───── Material to process ─────
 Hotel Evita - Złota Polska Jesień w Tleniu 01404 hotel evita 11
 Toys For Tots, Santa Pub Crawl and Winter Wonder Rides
─────
───── Material to process ─────
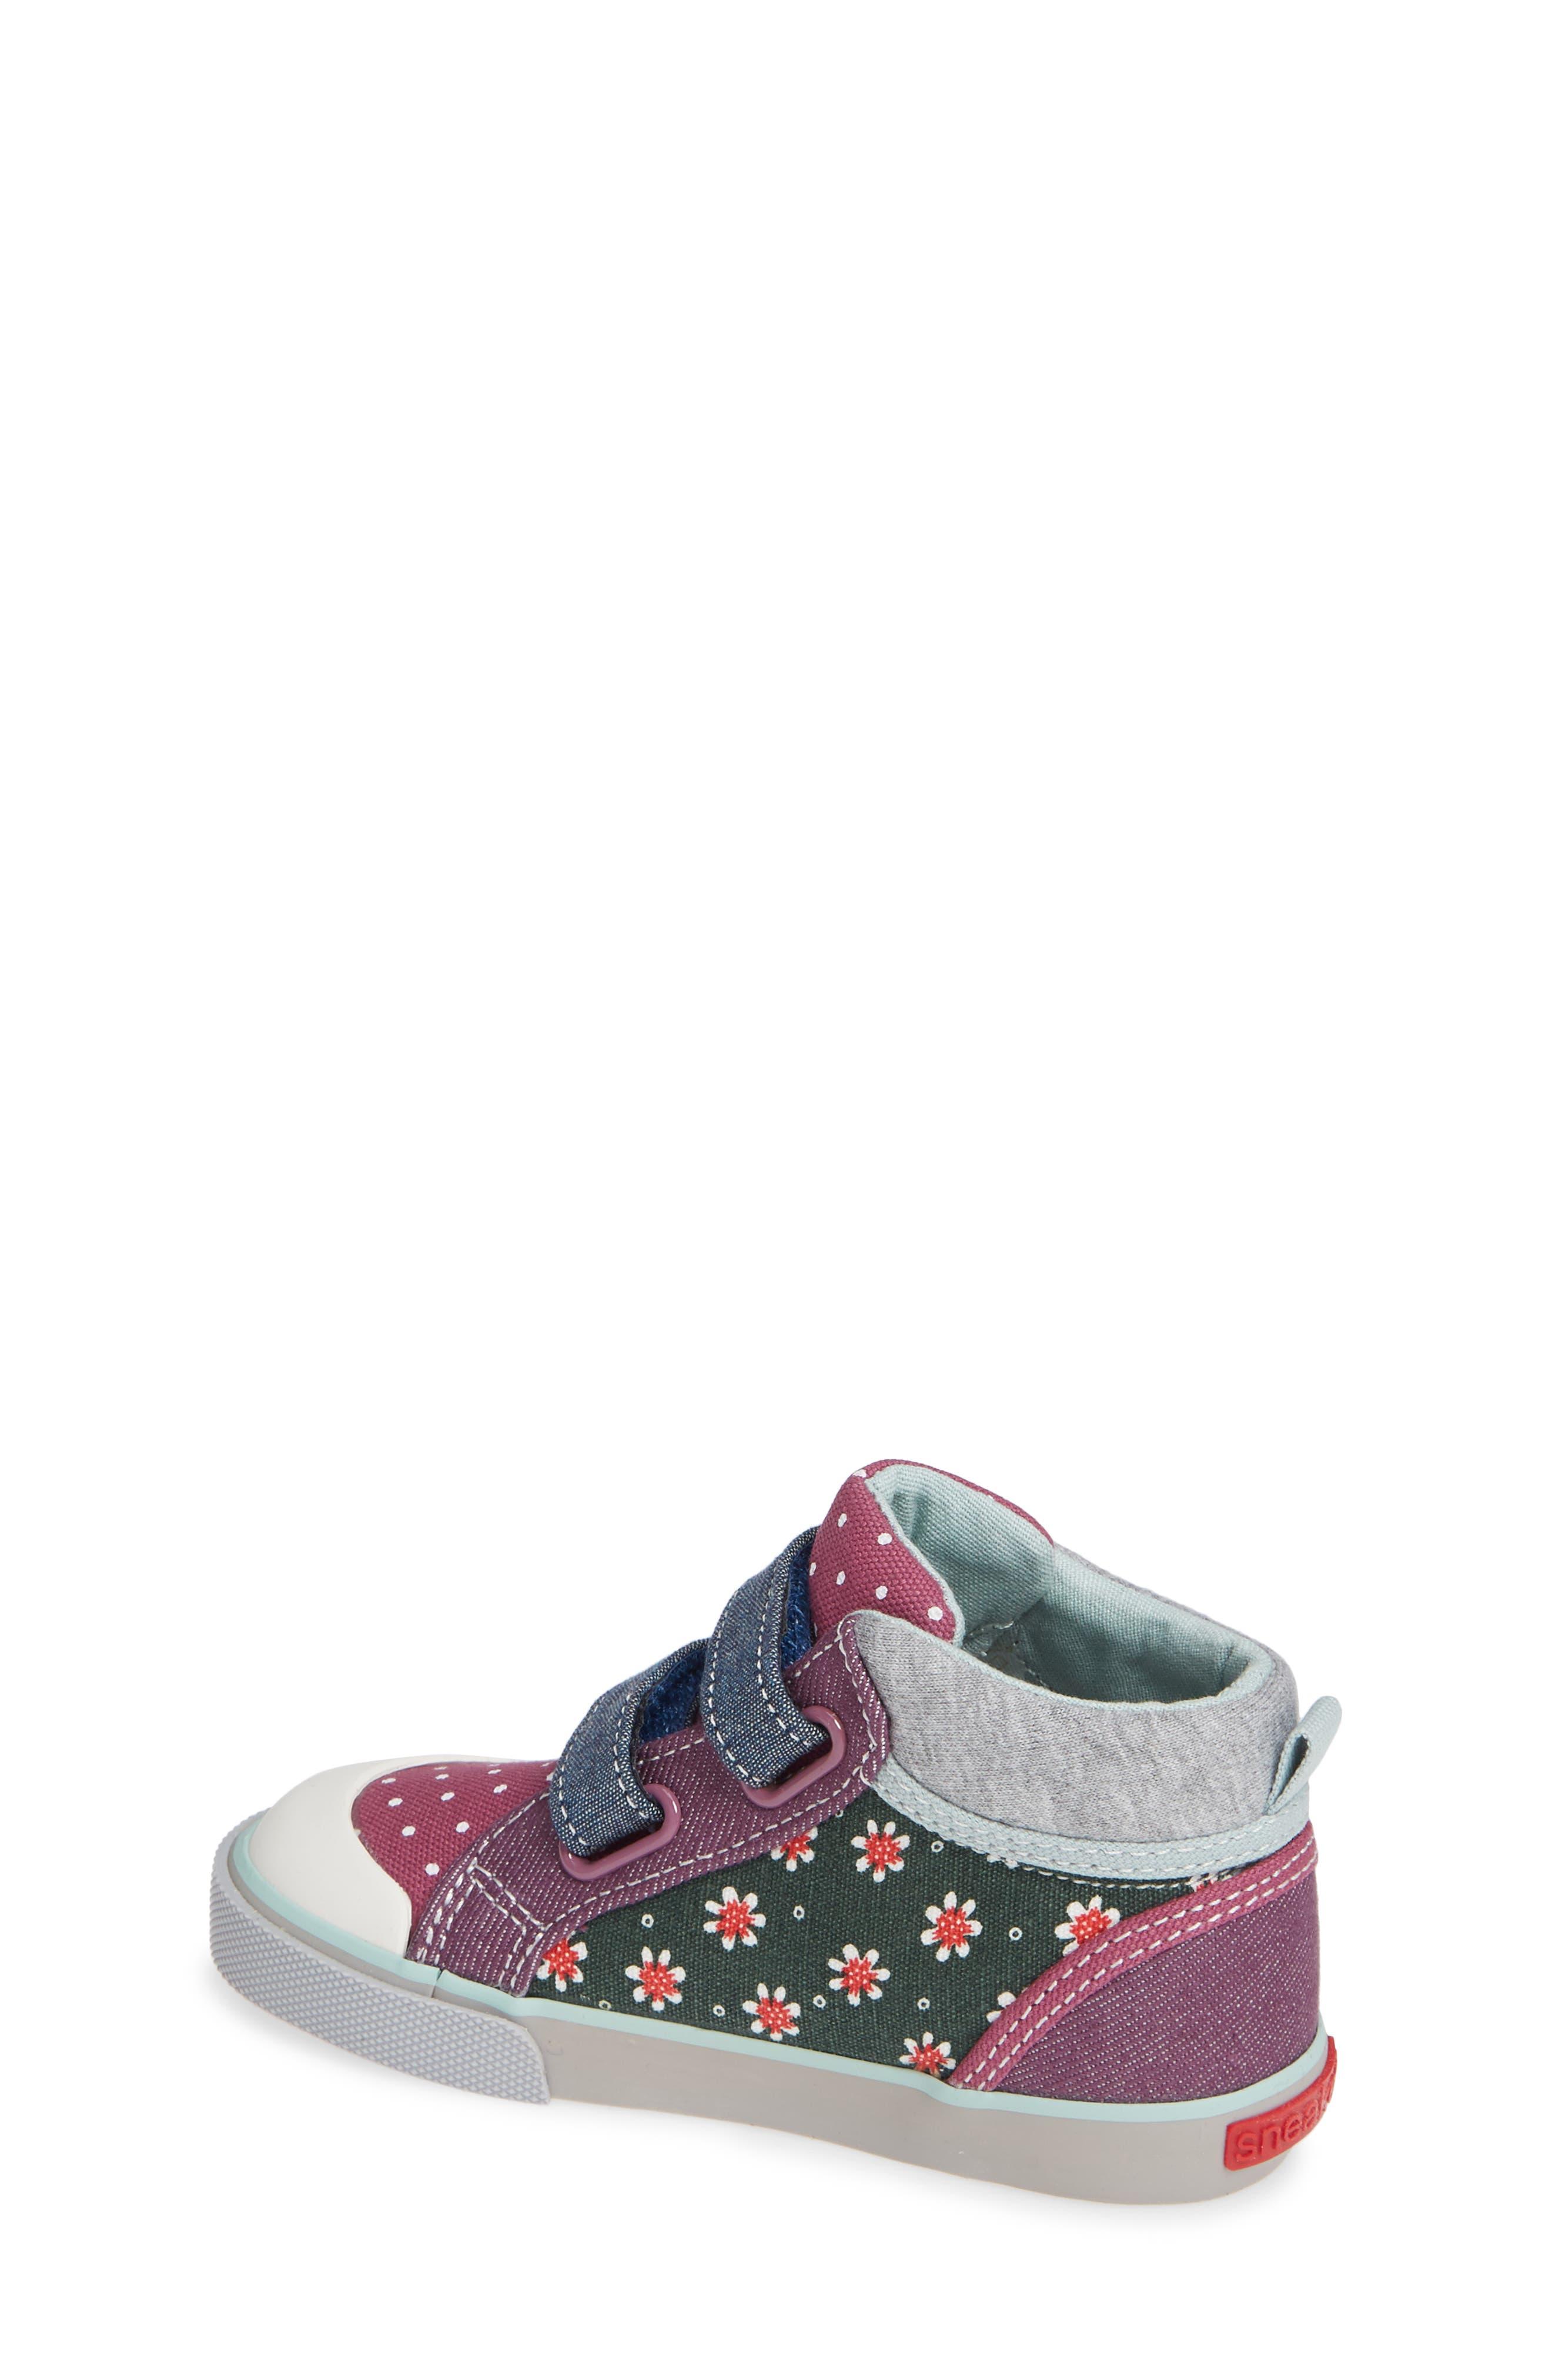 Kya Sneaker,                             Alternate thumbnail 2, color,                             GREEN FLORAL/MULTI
─────
The answer is the run of lines above from the line containing "Hotel Evita - Złota" through the line containing "Toys For Tots, Santa", copied exactly and alone.

 Hotel Evita - Złota Polska Jesień w Tleniu 01404 hotel evita 11
 Toys For Tots, Santa Pub Crawl and Winter Wonder Rides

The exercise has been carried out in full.